Auch andere Wanderer wandern nicht nur, um zu wandern.

Etwas später am Tag werde ich daran erinnert, dass Feuer in der Wüste zu den natürlichen Kräften gehört, die die Landschaft prägen:

Hier hat es 2011 gebrannt. Einiges ist schon wieder nachgewachsen, aber die verkohlten Reste der ehemaligen Büsche prägen nach wie vor das Bild. Für meine deutschen Augen immer noch ein sehr ungewohnter Anblick, hier ein Bestandteil der Wildnis, der dazugehört.

Der Trail verläuft heute fast vollständig über die ehemalige Farm von Elisha Reavis. Er hat hier 1874 gesiedelt, und von seinen Bemühungen, hier Landwirtschaft zu betreiben, ist noch einiges zu sehen. Es gibt immer wieder verrostete Reste landwirtschaftlicher Geräte, die Ruine seines Bauernhauses und ein paar Apfelbäume auf einer Wiese, die einmal eine ansehnliche Plantage gewesen sein muss. Ich setze mich in den Schatten eines dieser Bäume zur Mittagspause und treffe einen Tageswanderer, einen älteren Mann, der hier ebenfalls eine ausgedehnte Pause genießt. Wir kommen ins Gespräch, und er erzählt, dass er eine Zeit lang in dieser Gegend als Ökologe beschäftigt war. Er hat an einem Projekt zur Verhaltensforschung an Gila-Monstern und Klapperschlangen gearbeitet. Sie wollten herausbekommen, wie sich diese Tiere bewegen, und dazu haben sie sie mit GPS-Transmittern ausgestattet und dann über lange Zeiten ihre Bewegungen verfolgt. Die Erkenntnis: Beide Tierarten sind territorial. Sie bewegen sich über Jahre auf immer dem gleichen Flecken Land, den sie nicht mit Artgenossen teilen. Und sehr selten verteidigen sie ihr Gebiet – meist ist das nicht nötig, weil es genügend Platz für die Tiere gibt. Außerdem verbringen Gila-Monster viel Zeit damit, sich unmittelbar vor ihrer Höhle auf einer Art Terrasse zu sonnen … die sagenhaften Tiere werden mir zunehmend sympathisch. Ich frage ihn, ob es leicht ist, ein Gila-Monster zu sehen. Klapperschlangen sind mir bisher ja schon mehrere begegnet, nach einem Gila-Monster habe ich bis jetzt vergeblich Ausschau gehalten. Er macht mir keine großen Hoffnungen.

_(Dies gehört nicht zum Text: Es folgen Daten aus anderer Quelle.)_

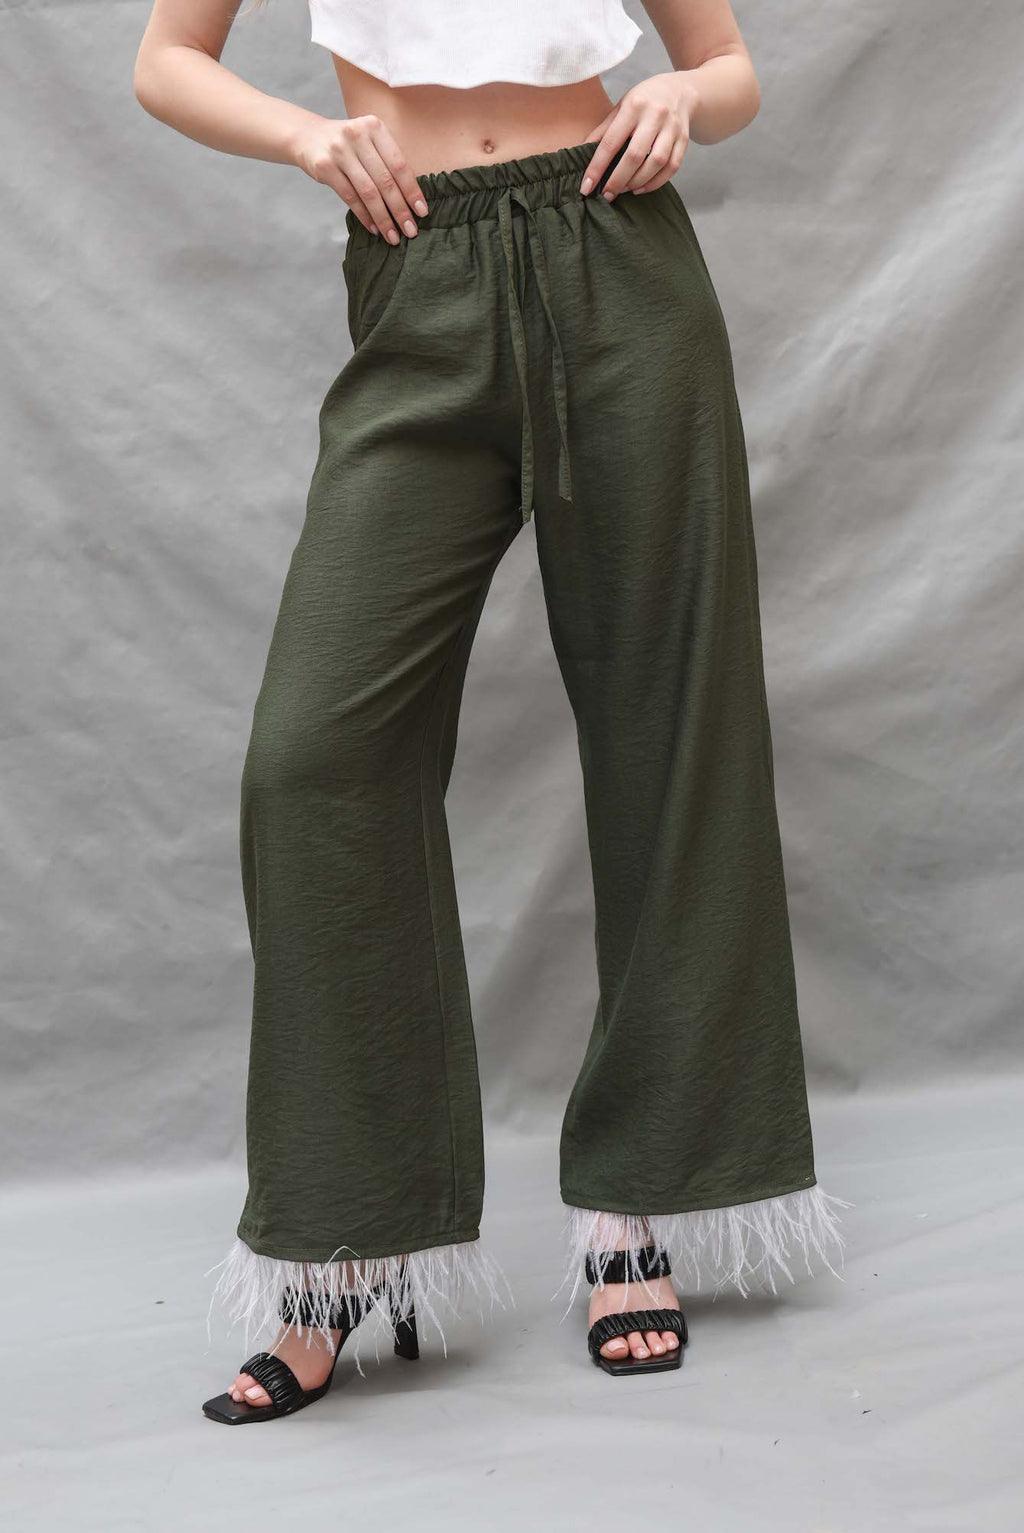 Plume pants in olive

Mein angeschlagener Fuß dankt mir diese ausführliche Pause, danach läuft es sich schon etwas besser. Es ist spät am Nachmittag, als ich weitergehe. Ein Gila-Monster sehe ich heute nicht, dafür begegnet mir dieser Kamerad:

Nach nur etwas mehr als 12 Meilen schlage ich mein Nachtlager auf. Der Tag war anstrengend, der Weg schwierig, und meine Schmerzen haben nicht gerade geholfen. Aber ich bin ein gutes Stück weiter gekommen, und morgen könnte ich es vielleicht bis Roosevelt Lake schaffen.

Die Moral von der Geschicht: Gestern zu schnell zu gehen war eine wirklich blöde Idee. Und zu schnell zu sein macht letztlich langsamer, nicht schneller.